The response should consist of the data below, copied exactly, with no pictures in it.
-- DATA BELOW follows --
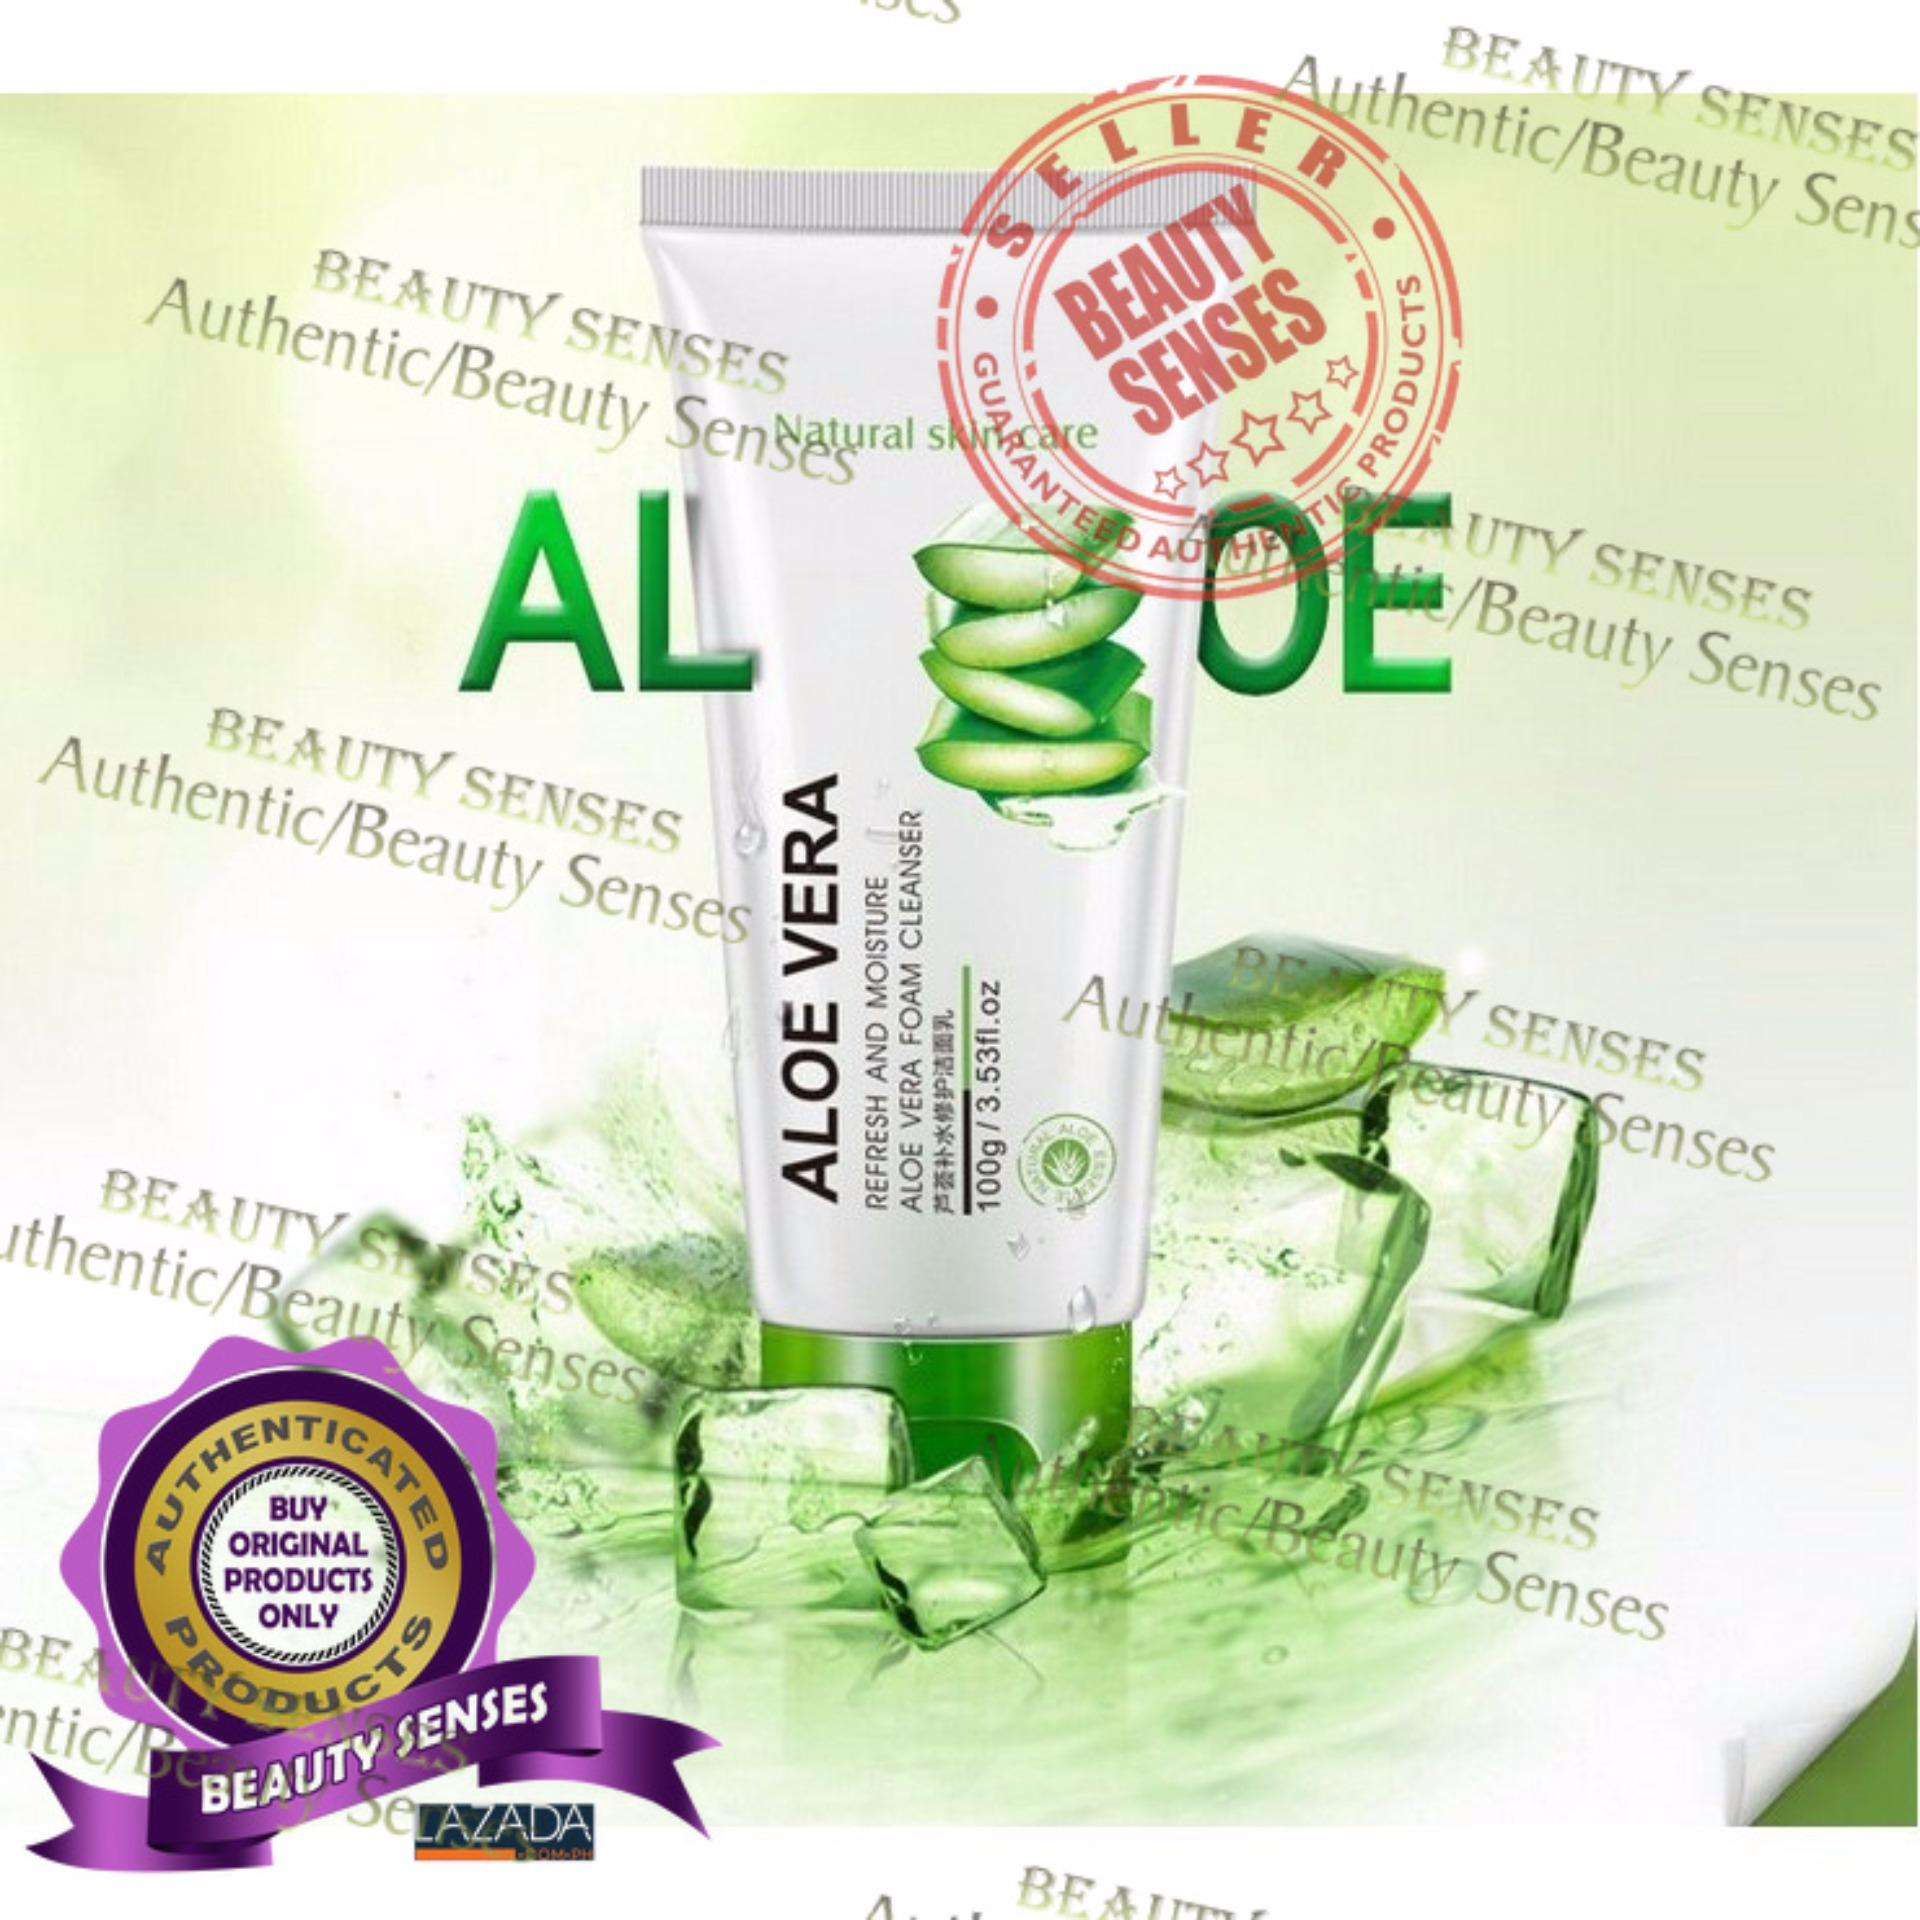 Philippines Bioaqua Natural Skin Care Moisture Aloe Vera 92 Aloevera Cleanser
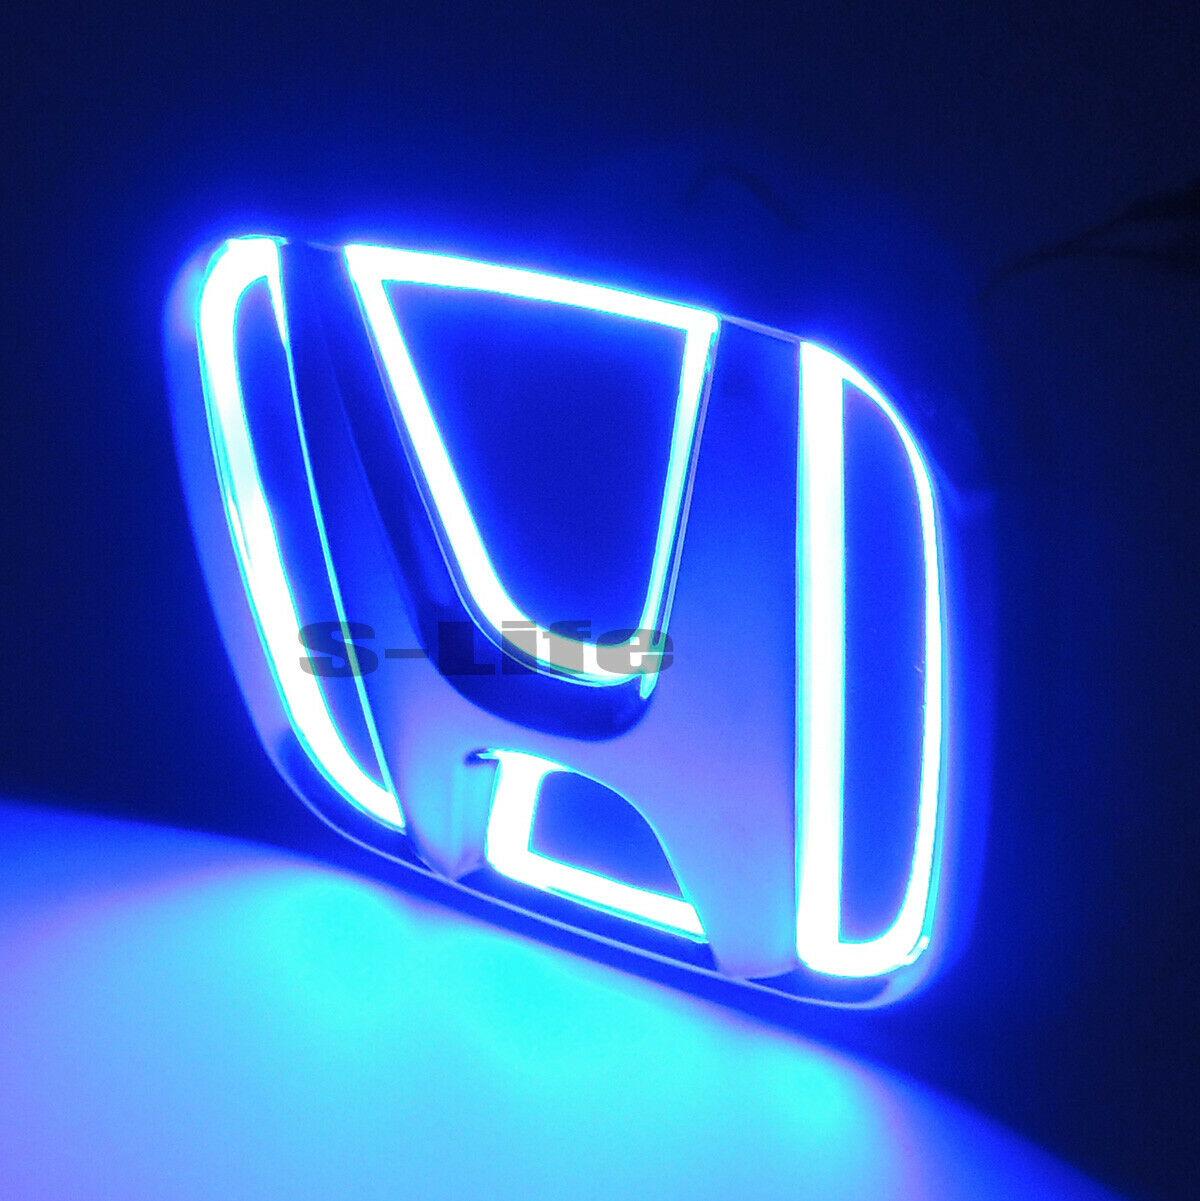 Details about Blue Auto 5D LED Car Tail Logo Light Badge Emblem For Honda  New FIt 09.
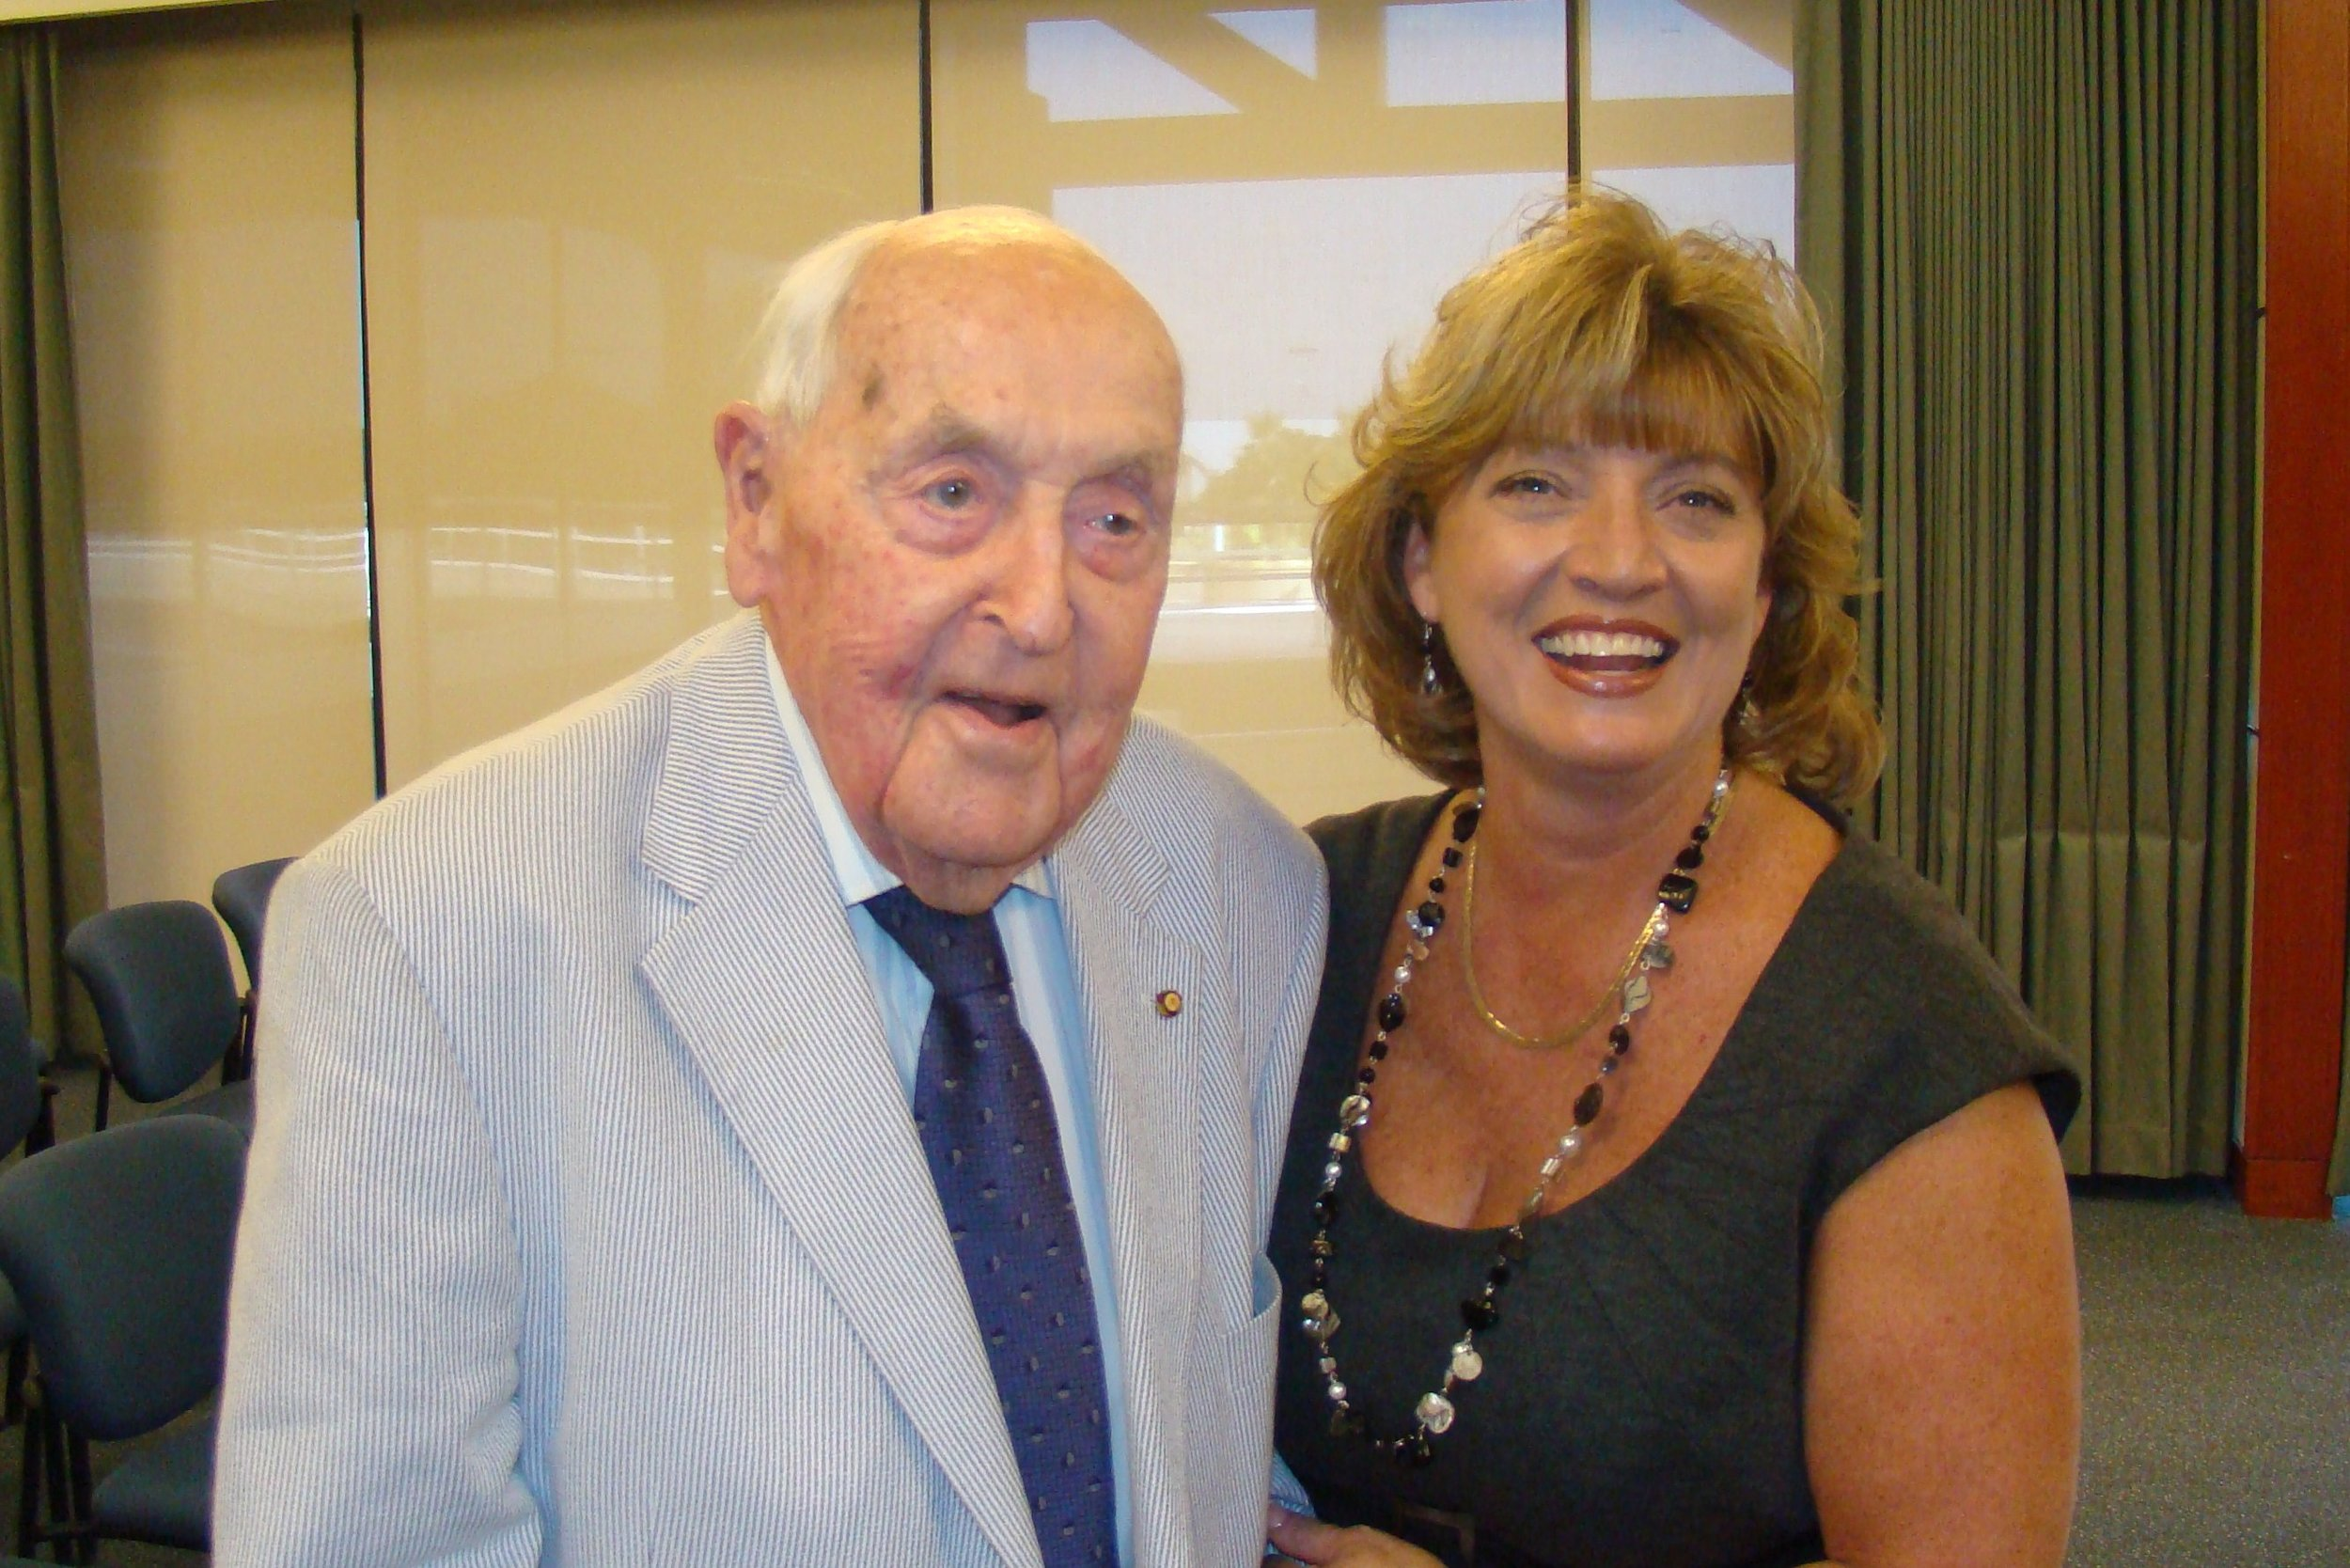 Sir Lenox & Colleen Picard - 1, 27 Oct '11.JPG
-- DATA BELOW concluded --
OUTPUT FOR THIS TASK:
 Philippines Bioaqua Natural Skin Care Moisture Aloe Vera 92 Aloevera Cleanser
 Details about Blue Auto 5D LED Car Tail Logo Light Badge Emblem For Honda  New FIt 09.
 Sir Lenox & Colleen Picard - 1, 27 Oct '11.JPG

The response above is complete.